* _SUPPLIED ENTRIES_
((
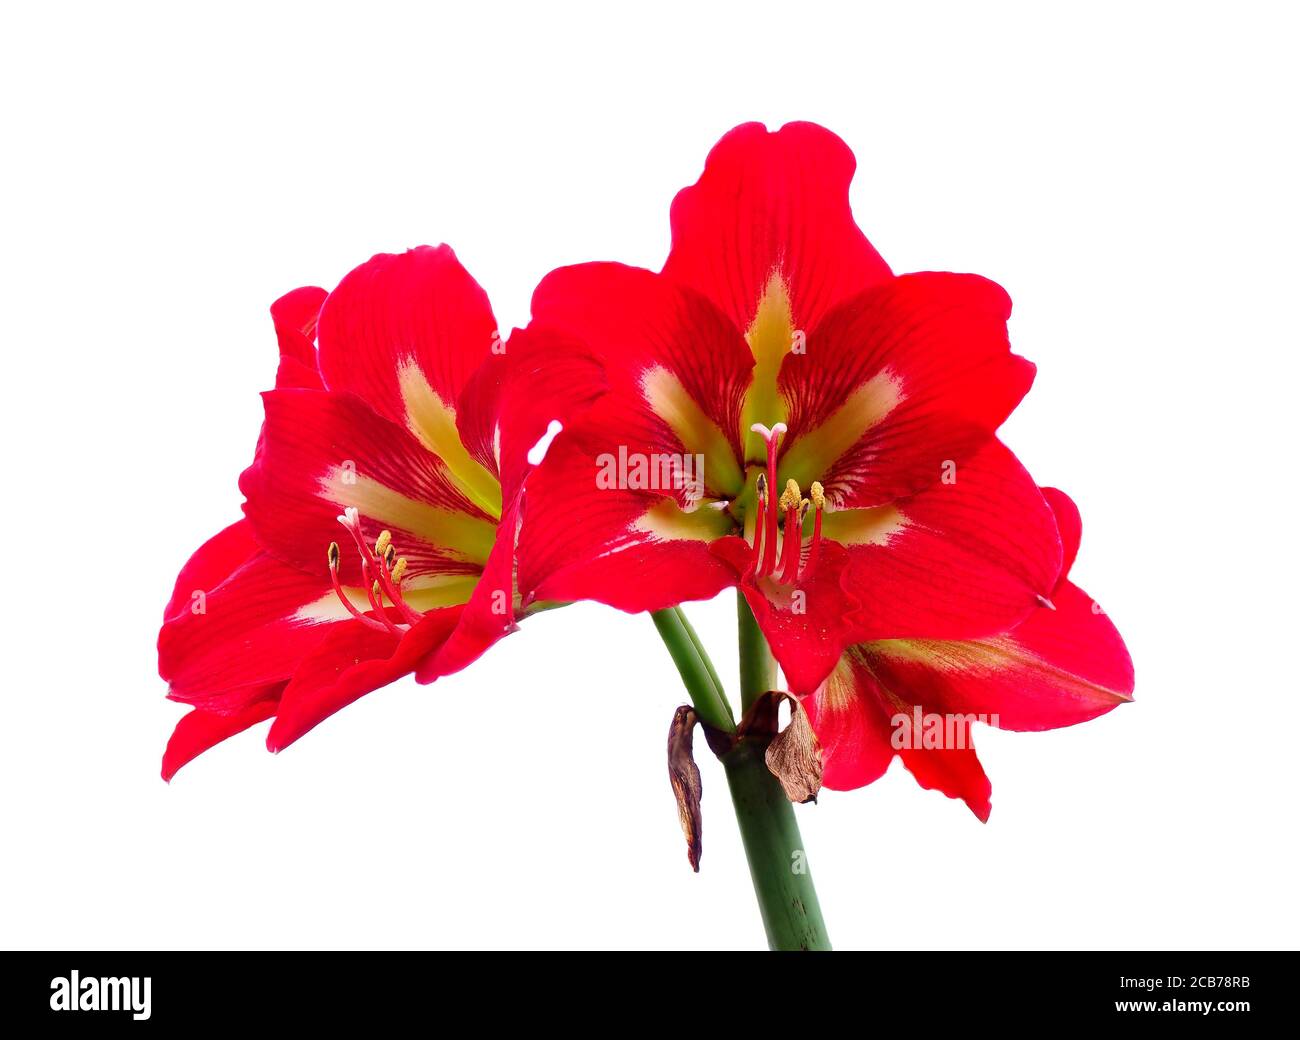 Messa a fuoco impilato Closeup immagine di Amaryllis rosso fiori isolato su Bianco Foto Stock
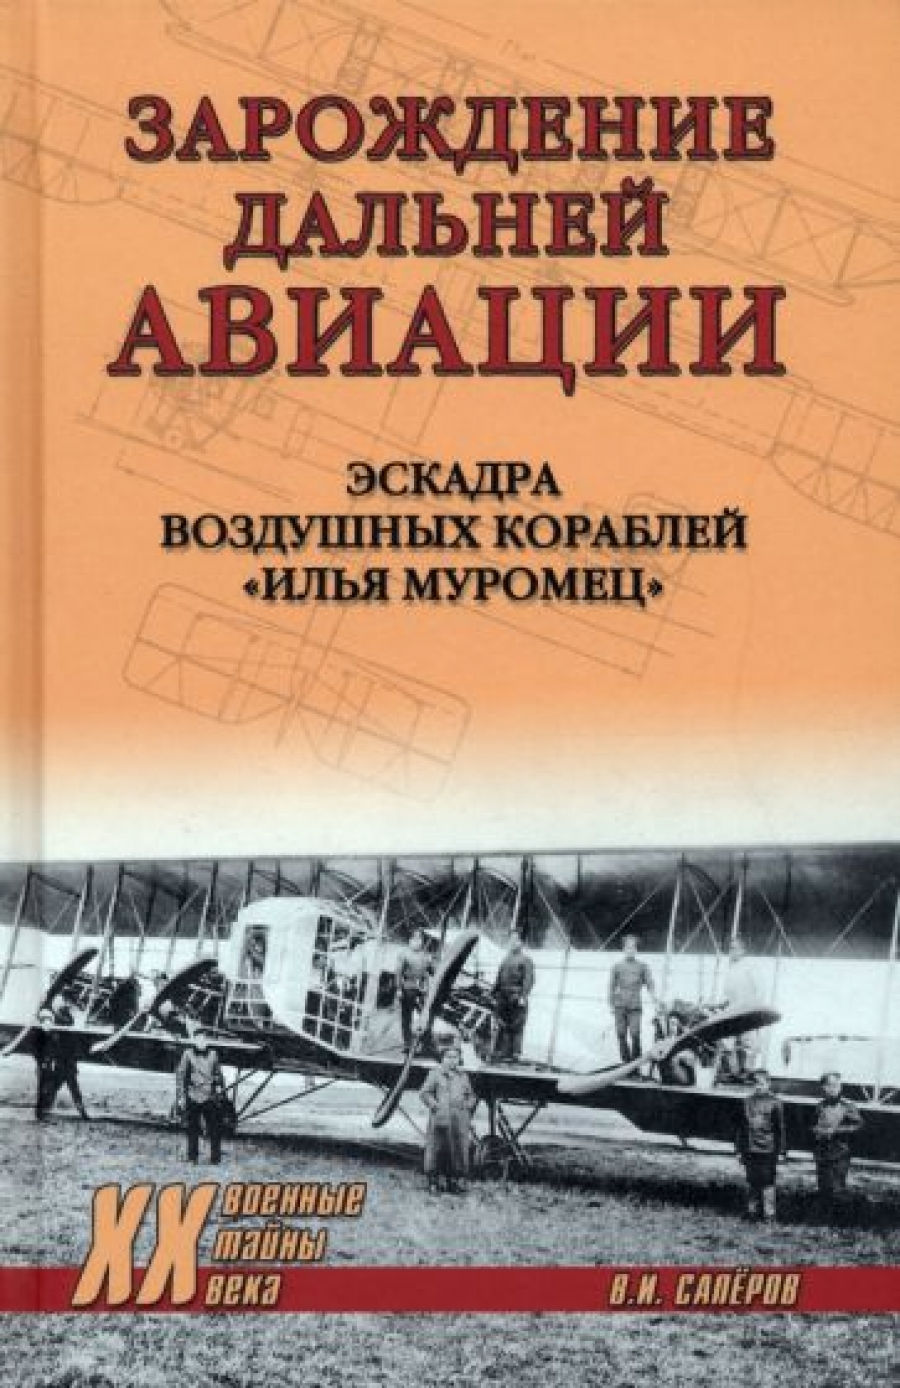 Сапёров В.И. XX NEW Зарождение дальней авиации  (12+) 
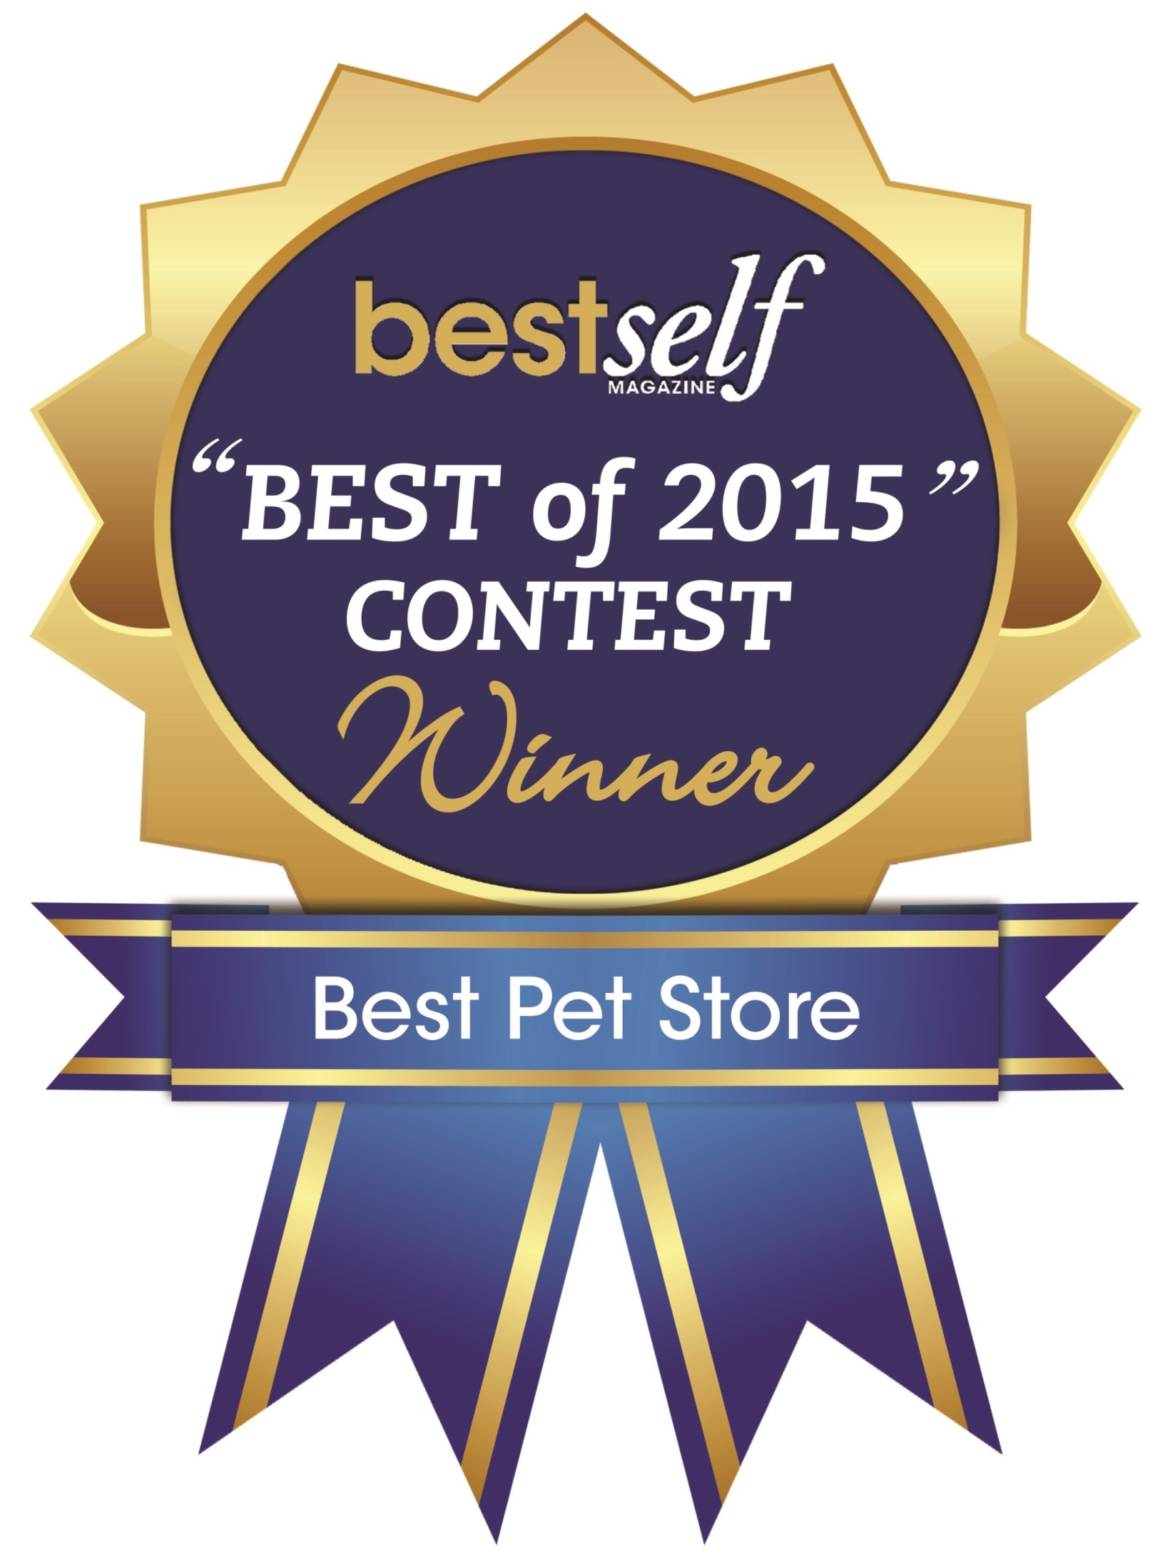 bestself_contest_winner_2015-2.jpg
))
((
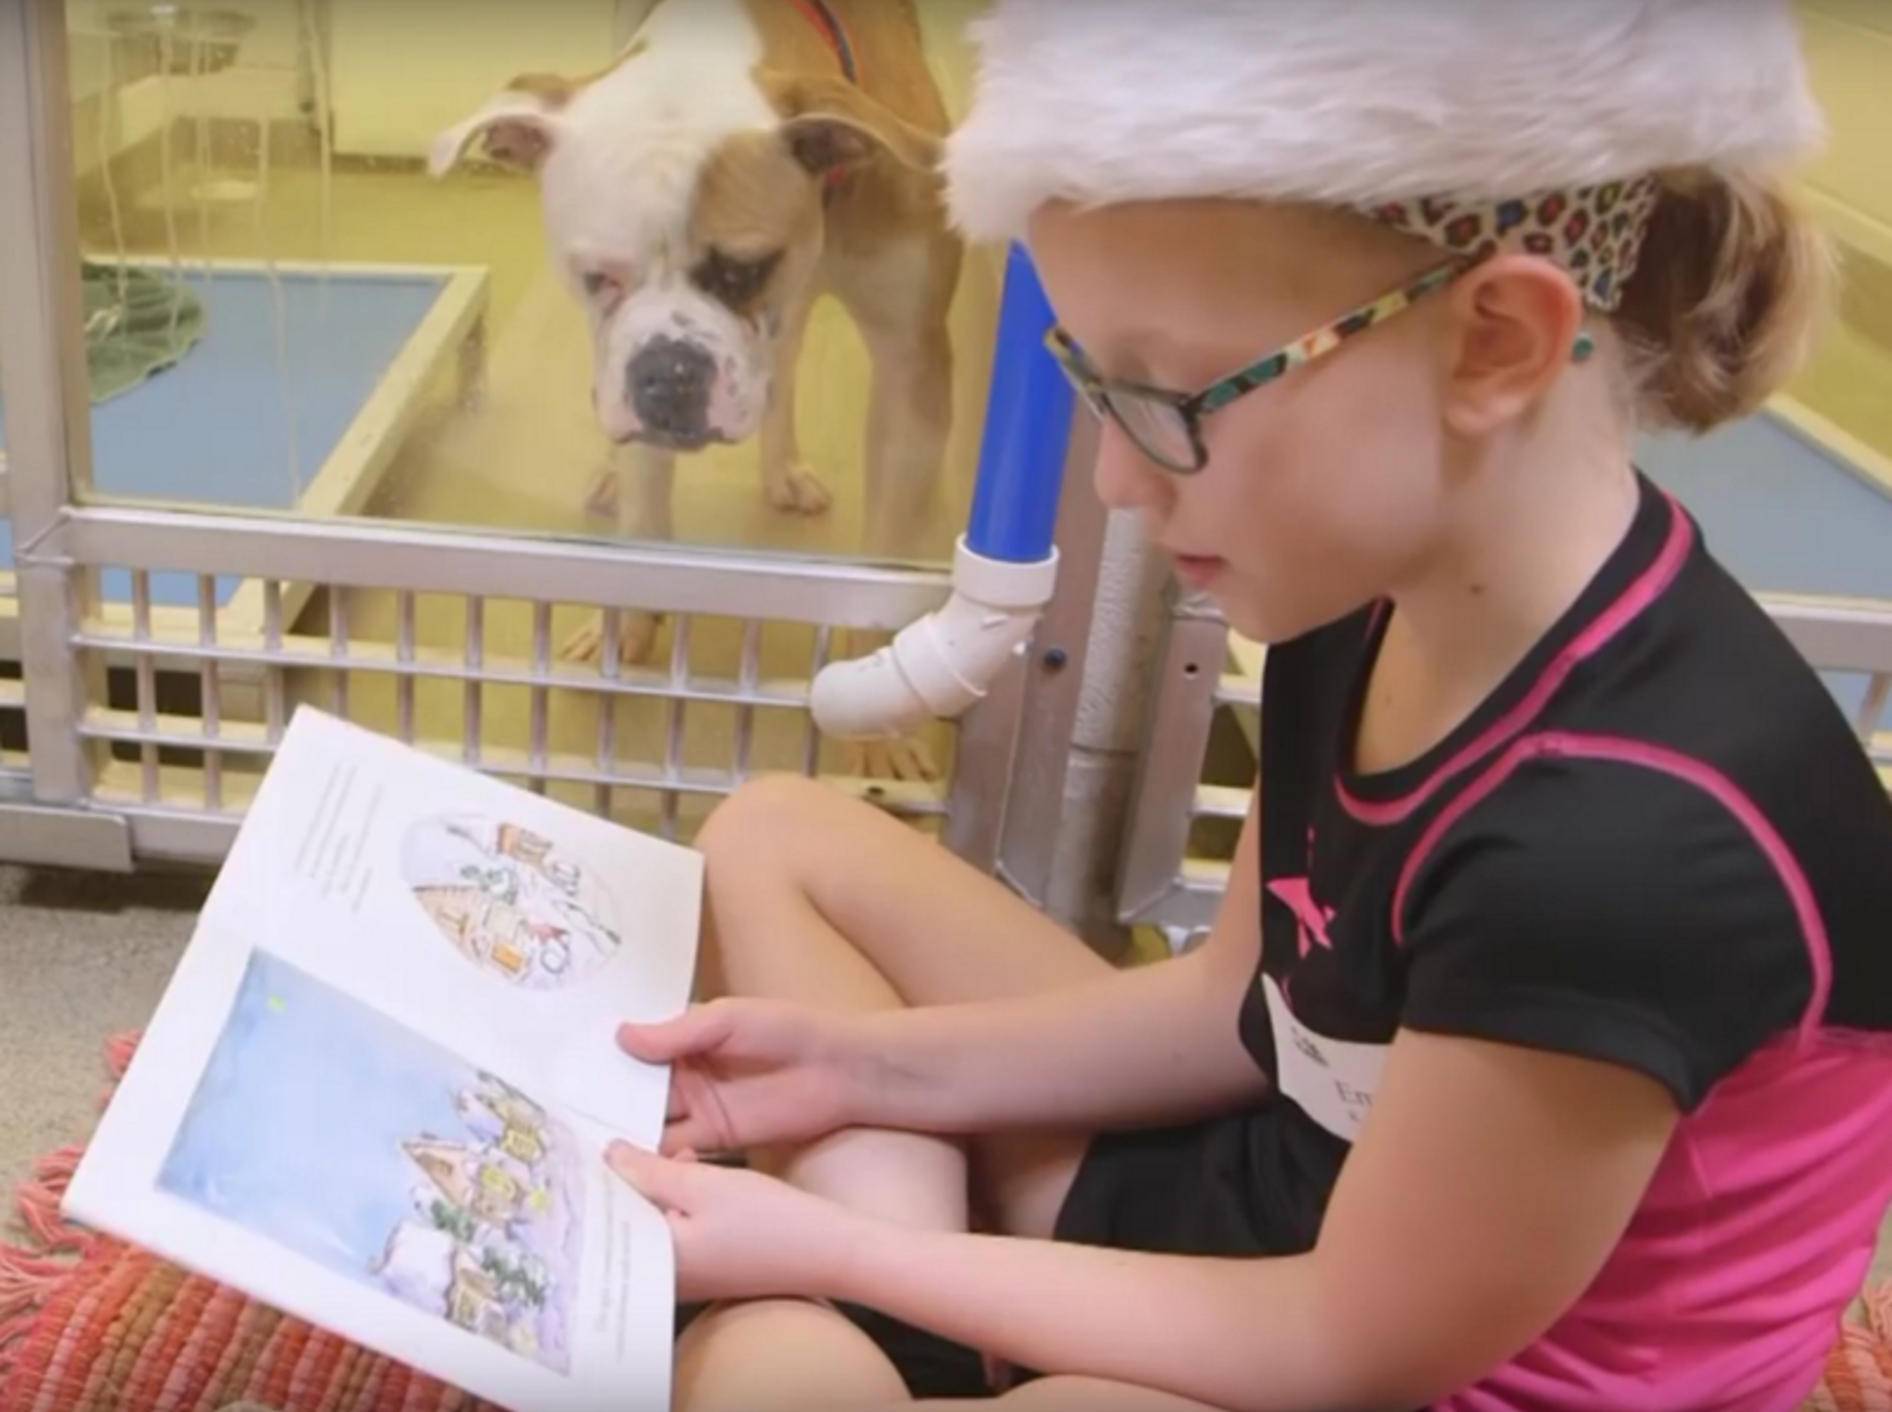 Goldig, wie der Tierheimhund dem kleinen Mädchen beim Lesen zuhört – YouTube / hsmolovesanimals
))
* _TASK BRIEF_
Set down word for word the lines above from the one with "Messa a fuoco" up to and including the one with "bestself_contest_winner_2015-2.jpg". Omit every picture.

* _TASK OUTPUT_
 Messa a fuoco impilato Closeup immagine di Amaryllis rosso fiori isolato su Bianco Foto Stock
 Сапёров В.И. XX NEW Зарождение дальней авиации  (12+) 
 bestself_contest_winner_2015-2.jpg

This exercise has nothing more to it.